History of The MBTA - MTA Incorporation and Takeovers

MTA Incorporation and Takeovers

In 1947, the newly-formed Metropolitan Transportation Authority (MTA) purchased and took over subway, elevated, streetcar, and bus operations from the Boston Elevated Railway. The original MTA district consisted of 14 cities and towns — Arlington, Belmont, Boston, Brookline, Cambridge, Chelsea, Everett, Malden, Medford, Milton, Newton, Revere, Somerville and Watertown.

The last two streetcar lines running into the Pleasant Street Portal of the Tremont Street Subway were substituted with buses in 1953 and 1962, and the portal has since been covered over by a public park.

Between 1952 and 1954, the Revere Extension (now part of the Blue Line) opened to Wonderland, mostly along the former narrow-gauge Boston, Revere Beach and Lynn Railroad right-of-way.
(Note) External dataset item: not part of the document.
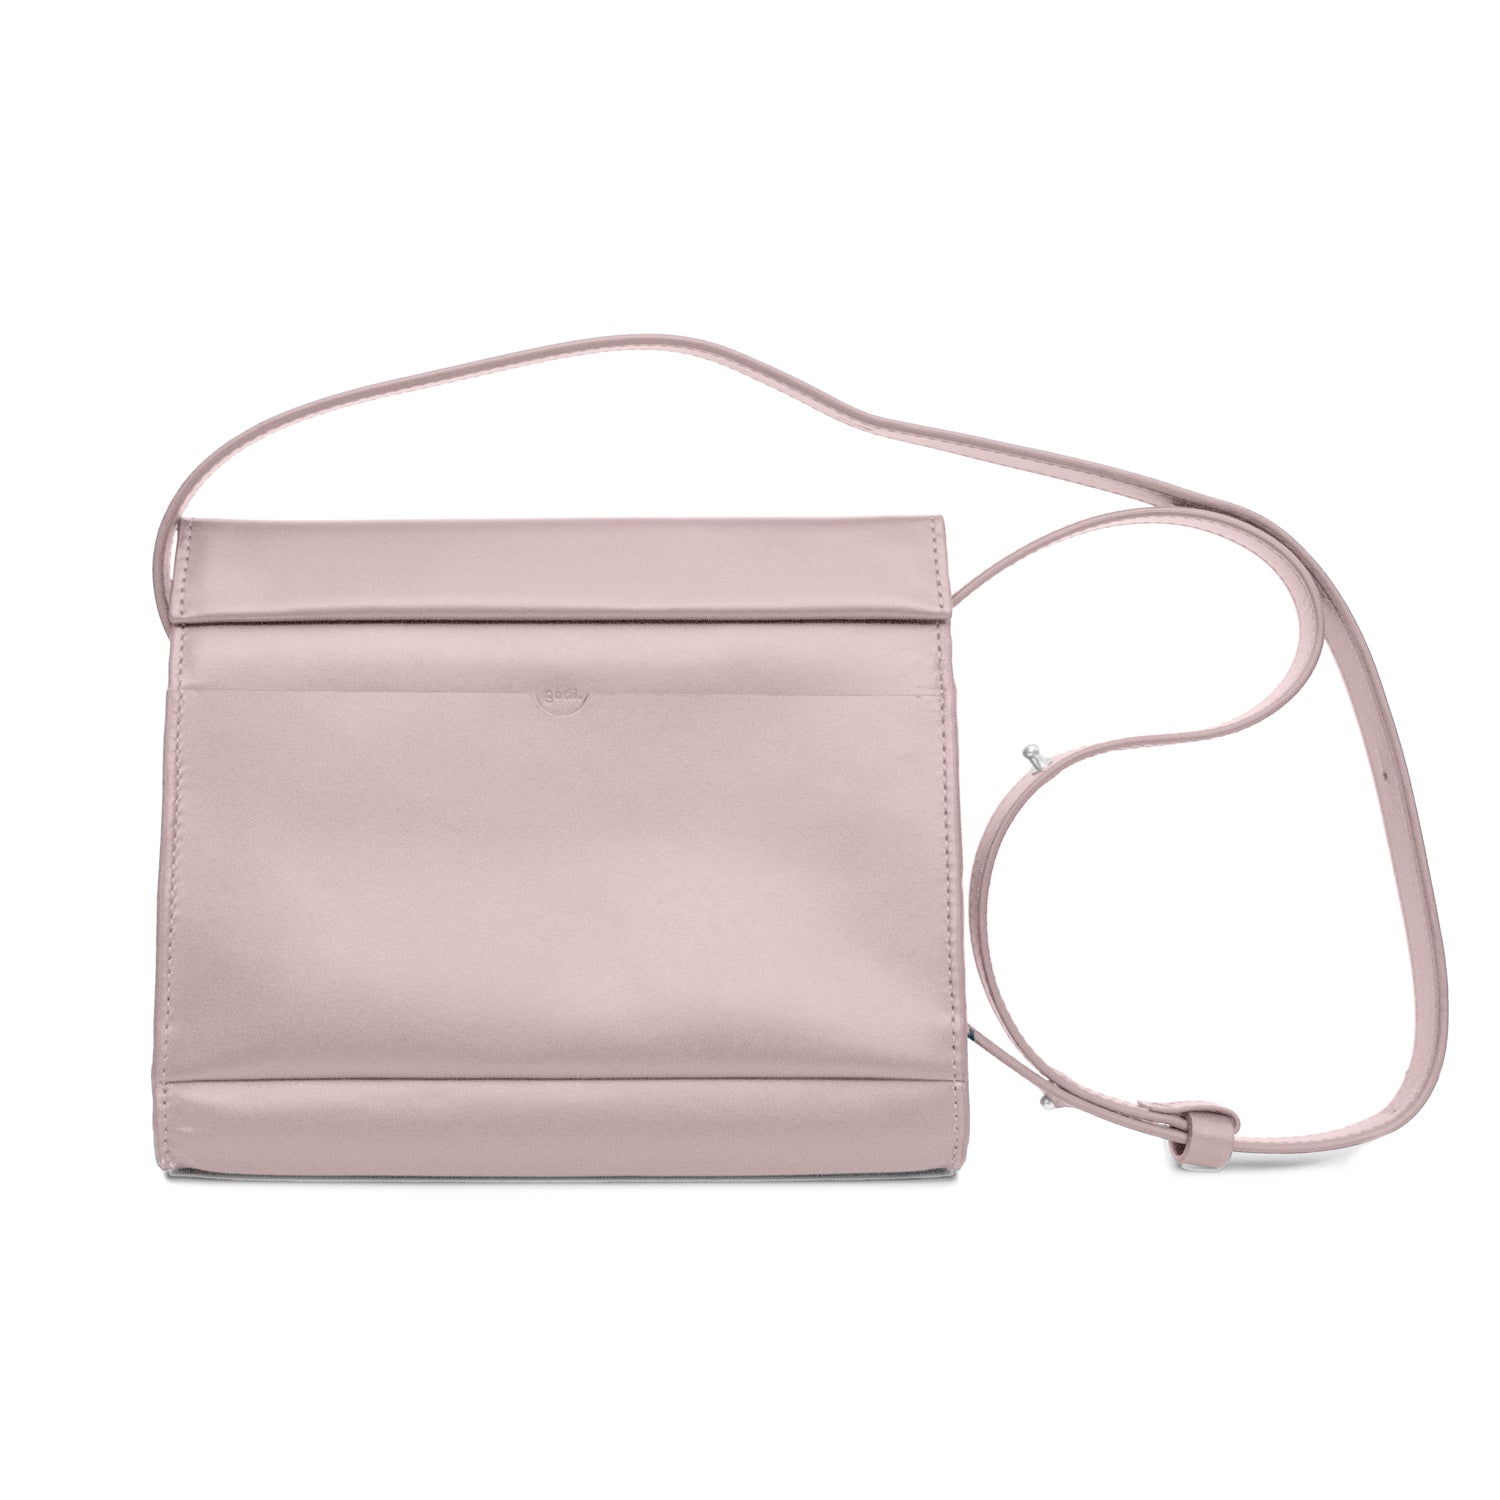 Mini Shoulder Bag in Nude Pink

In 1959, MTA streetcar service opened on what is now the Riverside Green Line "D" Branch, connecting to the Boylston Street Subway and using trackage purchased from the New York Central Railroad, which had stopped running on the line the previous year. The new service required much more rolling stock than expected, due to heavy ridership.

Also in 1959, with the opening of the Southeast Expressway, the New York, New Haven and Hartford Railroad halted passenger service on the former Old Colony Railroad lines. Replacement rapid transit service was promised. but did not open until nearly a decade later.